Stella stepped aside and beckoned the captain in with a sweep of her arm. He frowned at her and walked in.

Stella looked at Monk. “How about you, Adrian?”

Julie turned to Monk, who hesitated, taking a step forward and then immediately one back.

“You know she’s doing this just to mess with your head, Mr. Monk,” Julie said. “Don’t give her the satisfaction.”

“Aren’t you adorable,” Stella said to her. “You go, girl.”

Monk took a deep breath, focused his gaze past Stella, and plunged into the house. Julie followed, Stella closing the door behind them.

The place was clean and smelled of incense. It burned on several tables and shelves around the house, which was decorated straight out of the IKEA catalog. Monk sniffed the air as they came in.

“How did you know who we are?” Stottlemeyer asked Stella.

“I Googled you both ages ago. I had to put faces to the names. Dale has spoken about you many times,” she said, taking a seat in one of the two armchairs facing the couch.

“Warmly, I’m sure,” Stottlemeyer said, taking a seat on the couch across from her.

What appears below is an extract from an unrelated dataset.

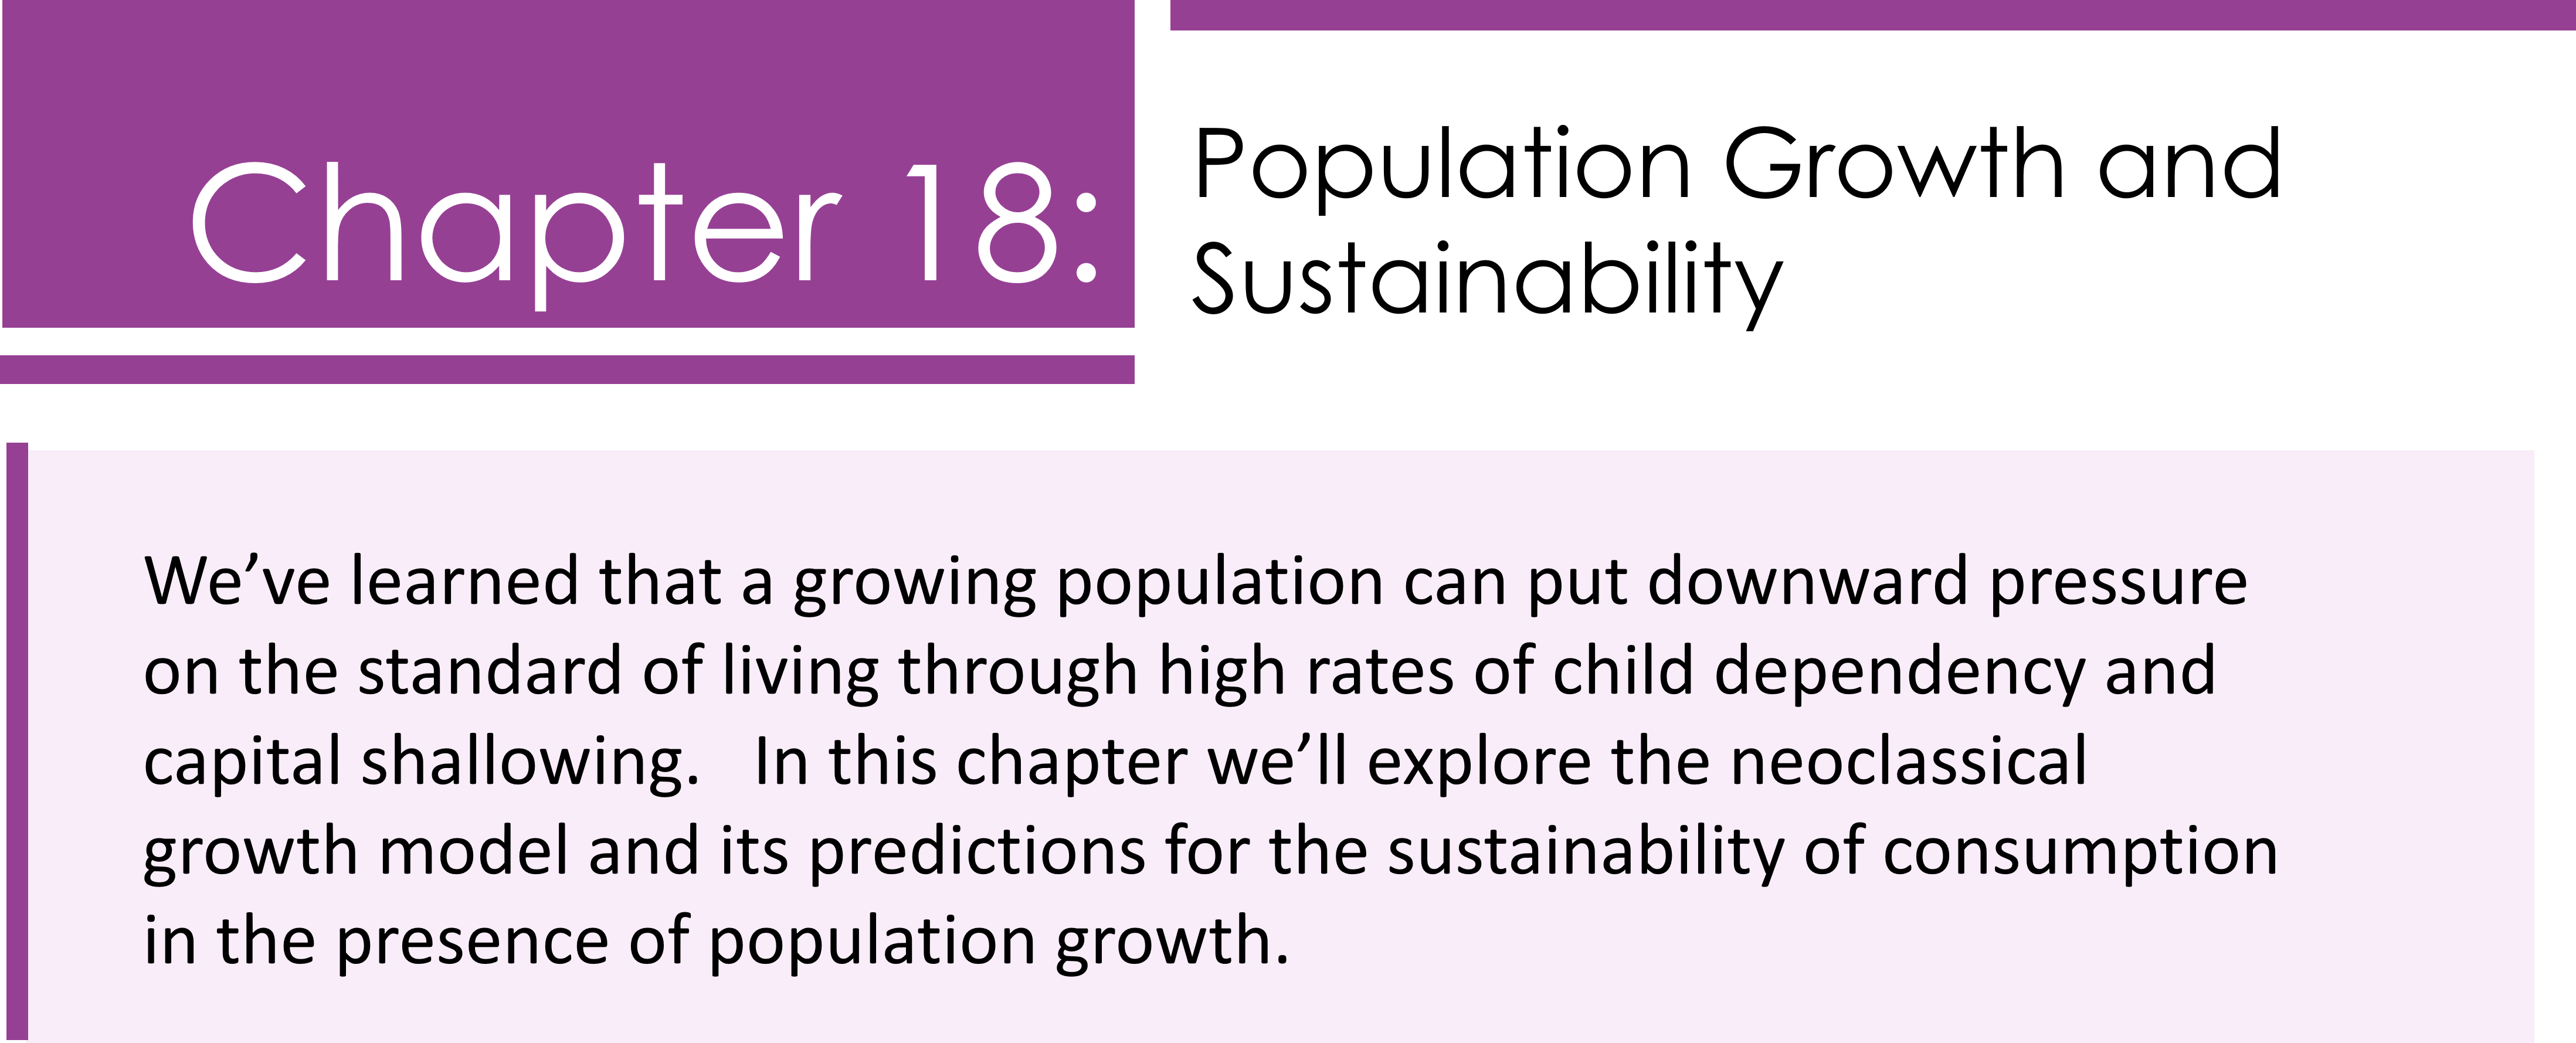 Population Growth and Sustainability. We’ve learned that a growing population can put downward pressure on the standard of living through high rates of child dependency and capital shallowing. In this chapter we’ll explore the neoclassical growth model and its predictions for the sustainability of consumption in the presence of population growth.

Stella turned to Julie. “But I don’t know you.”

“How nice,” Julie said. “Let’s keep it that way.”

Stella laughed. “I like you.”

Monk took a seat in the armchair that was beside Stella’s so that he was facing Stottlemeyer instead of her. Julie took a seat on the couch next to the captain so she could watch Monk and Stella.

“So,” Stella said. “What can I do for you?”

“You can put your clothes on now,” Monk said, sniffing some more and staring straight ahead at Stottlemeyer and Julie.

“I could,” she said, “but I won’t. I am much more comfortable in the nude. Besides, this way you can see I am not carrying any concealed weapons and won’t be tempted to shoot me.”

“Where’s Dale?” Stottlemeyer asked.

“At San Francisco General having his tummy tucked,” she said. “Though I must say, I’ll miss those love handles, not that I’ve had much opportunity to handle them.”

Monk squirmed and sniffed some more. The burning incense put off a strong odor.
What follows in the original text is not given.